Киммерийское лето - Слепухин Юрий Григорьевич - Страница 96
- Предыдущая
- 96/97
- Следующая
— Ты ведь только что сам сказал, что эта мысль никого не утешает.
— Ника, я и не утешаю тебя! Вернее сказать, я не рассчитываю на то, что тебе от моих слов станет легче — сейчас. Сейчас легче не станет, потому что все заслонено болью. Разумеется! Но я хочу сказать другое: рано или поздно боль утихнет, и тогда ты опять увидишь вокруг себя обычную жизнь. Так всегда бывает, пойми, ты ведь нормальный человек с нормальными человеческими реакциями…
— Да нет у меня сейчас никаких реакций!
— Почему же нет?
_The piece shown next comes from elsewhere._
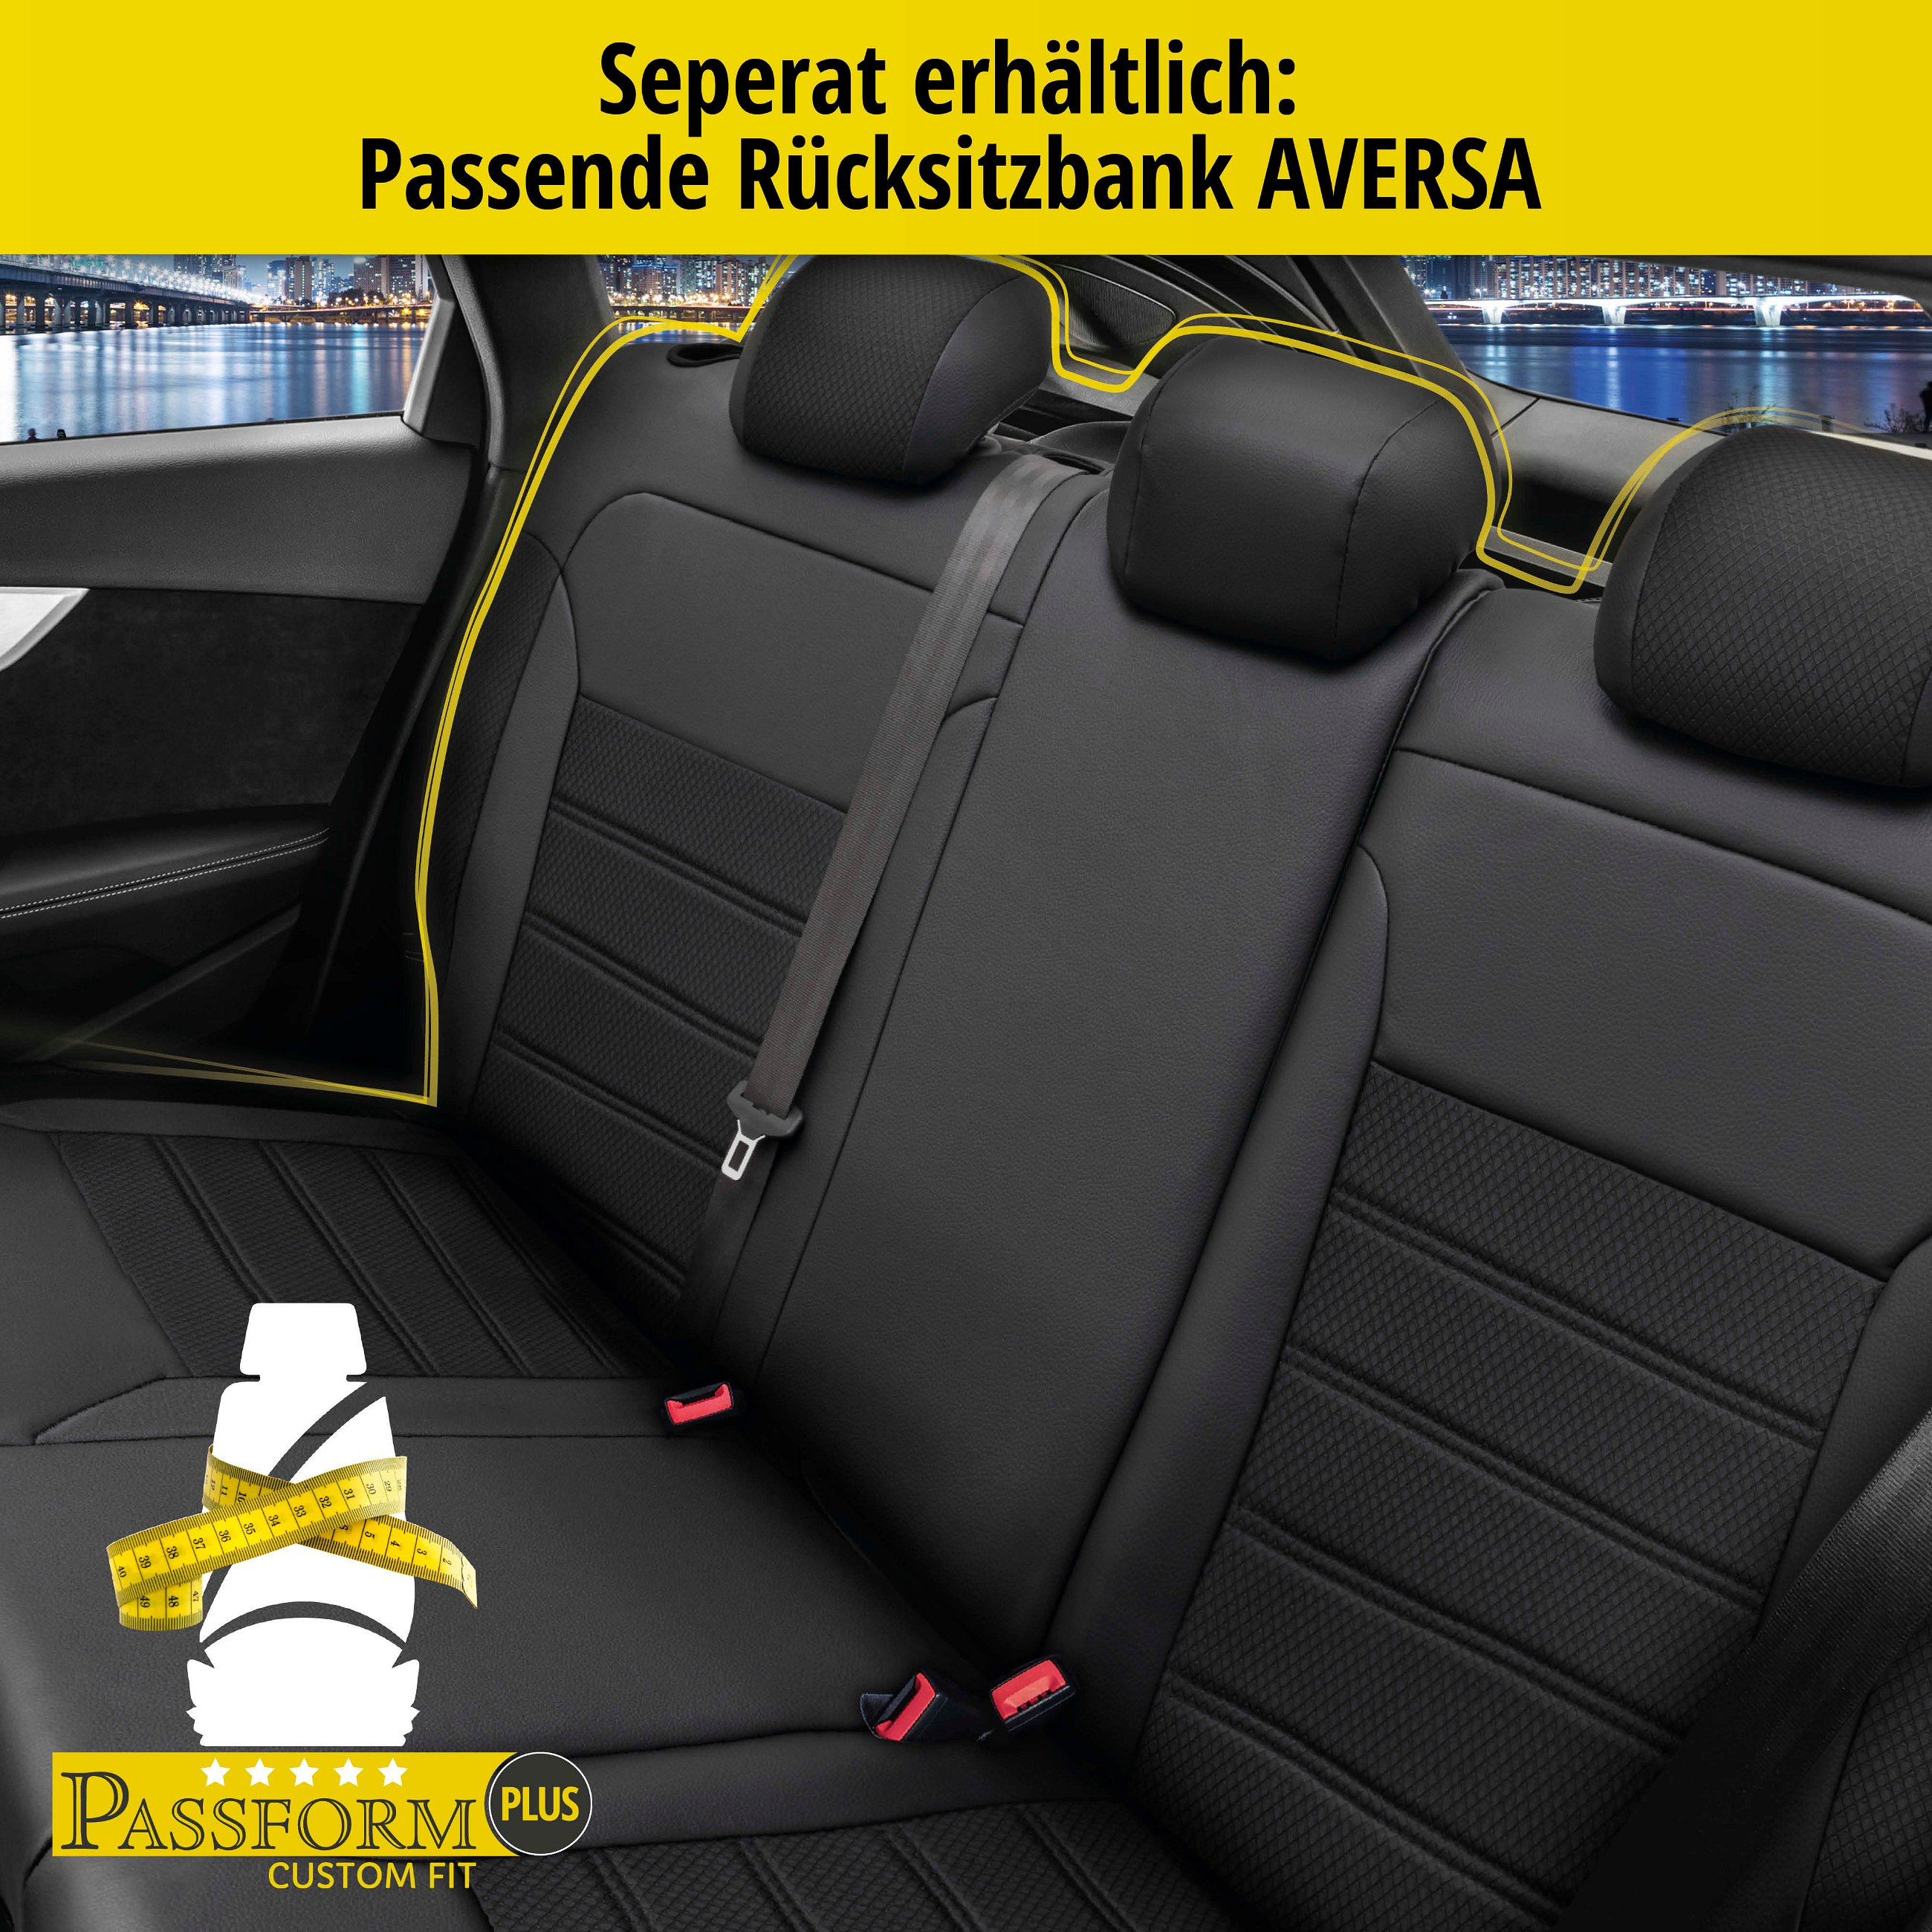 Passform Sitzbezug Aversa für Mini Cooper 06/2001 - 01/2014, 2 Einzelsitzbezüge für Normalsitze

Они есть, Ника, но ты сейчас реагируешь только на одно — на свое сознание вины…
— И ты считаешь, это может пройти, как зубная боль? Если бы ты хоть немного понимал, что со мной происходит, тебе и в голову не пришло бы такое сравнение!
— Хорошо, согласен — может, оно и не очень удачное. Я ведь только в том смысле сказал, что, когда человека что-то мучает — неважно, физическая это боль или душевная, — он не способен трезво воспринимать окружающее, не способен рассуждать, а ты пытаешься это делать. Ты вот пишешь…
— Да не рассуждаю я ни о чем! — опять перебила Ника, уже повышая голос. — Ну как ты не понимаешь, Дима! Я просто написала тебе, что во мне ничего не осталось, что я… опустошенная какая-то, не знаю, — словно во мне все выжжено, пойми!
— Понимаю. Но тогда к чему эти разговоры о своей вине? Ты сейчас — именно сейчас, в твоем теперешнем состоянии — не можешь здраво судить ни себя, ни других. Какая вина? В чем? Что ты оказалась бессердечной? Да будь ты по-настоящему бессердечна, разве ты так повела бы себя, узнав историю Ярослава? Где же тут бессердечие? Ошибка — да. С матерью ты вела себя неправильно. А кто из нас не ошибается? Я не ошибся, расставшись с тобой в Свердловском аэропорту? Я ведь тогда все видел, Ника! И забери я тебя с собой в Ленинград — ничего бы этого не было. А кто не ошибается? Впрочем, я тебе скажу кто! Светлана — вот кто никогда в жизни не ошибется, потому что ей ни до кого и ни до чего нет дела…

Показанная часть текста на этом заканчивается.